По всему видно, что соседи готовы услужить Чумаку. Притом выяснилось, что Грицко Хрин даже родич Чумакам, по деду - кому же и поручить такое важное дело, как не ему! Ну, а Захар за компанию... Не обошлось без того, чтобы и на столе не было кое-что поставлено.

Захар подает мысль... Кто не знает важной, зажиточной семьи Калиток? Заносчивой да всех осуждающей? Чванливой и бранчливой?.. Тут и Захар спохватился, что перешел меру, - как-никак, Калитка теперь родич Чумакам. А все же надо так доставить приданое, чтобы не было нареканий. Иной, смотришь, возьмется, чтобы чарку выпить, а потом сраму не оберешься...

В это время прибыли посланцы от жениха - румяные лица, бороды намерзли, - поздоровались. Жених просил узнать: сколько саней прислать под добро?

Лукия сажает гостей к столу, потчует, упрашивает откушать со всеми.

Чумак колеблется, мнется.

- Четверо, - отвечает.

- Что? Четверо? - удивляется Грицко Хрин. - И пяти не хватит...

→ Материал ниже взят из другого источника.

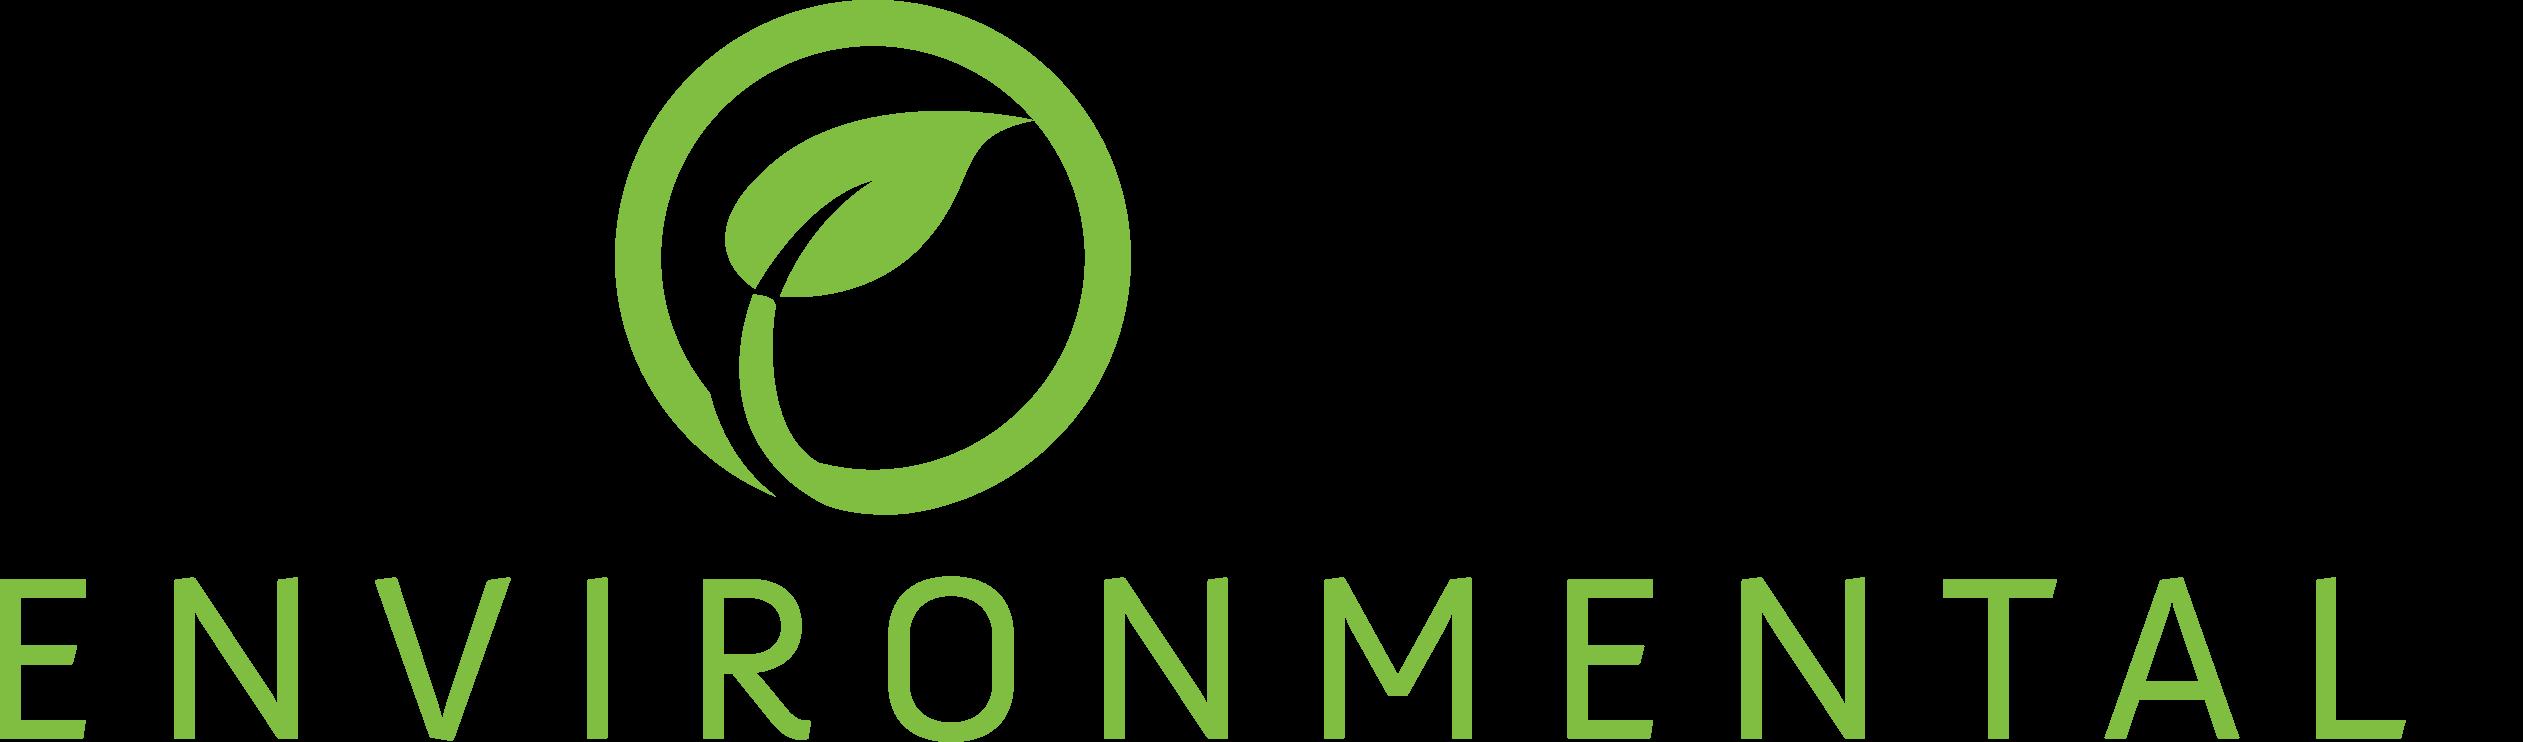 cropped-Protect-Environmental-Logo.png

- Пять? - поражается Захар. - Вы что, смеетесь? Хватит ли шести?

Грицко Хрин:

- У Чумака добра найдется...

Захар:

- Разве он пожалеет для двора Калитки?

Грицко:

- За такой дочкой?

Чумак оторопел. Страх берет человека. Он предостерегающе поглядывает на соседей, которые хотят услужить таким опасным способом. Зачем целых шесть саней? Разве будет у него столько добра? Не думают ли они выставить Чумака на посмешище?

Однако Грицко и Захара не надо учить. Они знают, что нужно делать, наказывают завтра доставить шесть саней...

Сами хозяева, да и посланцы были поражены.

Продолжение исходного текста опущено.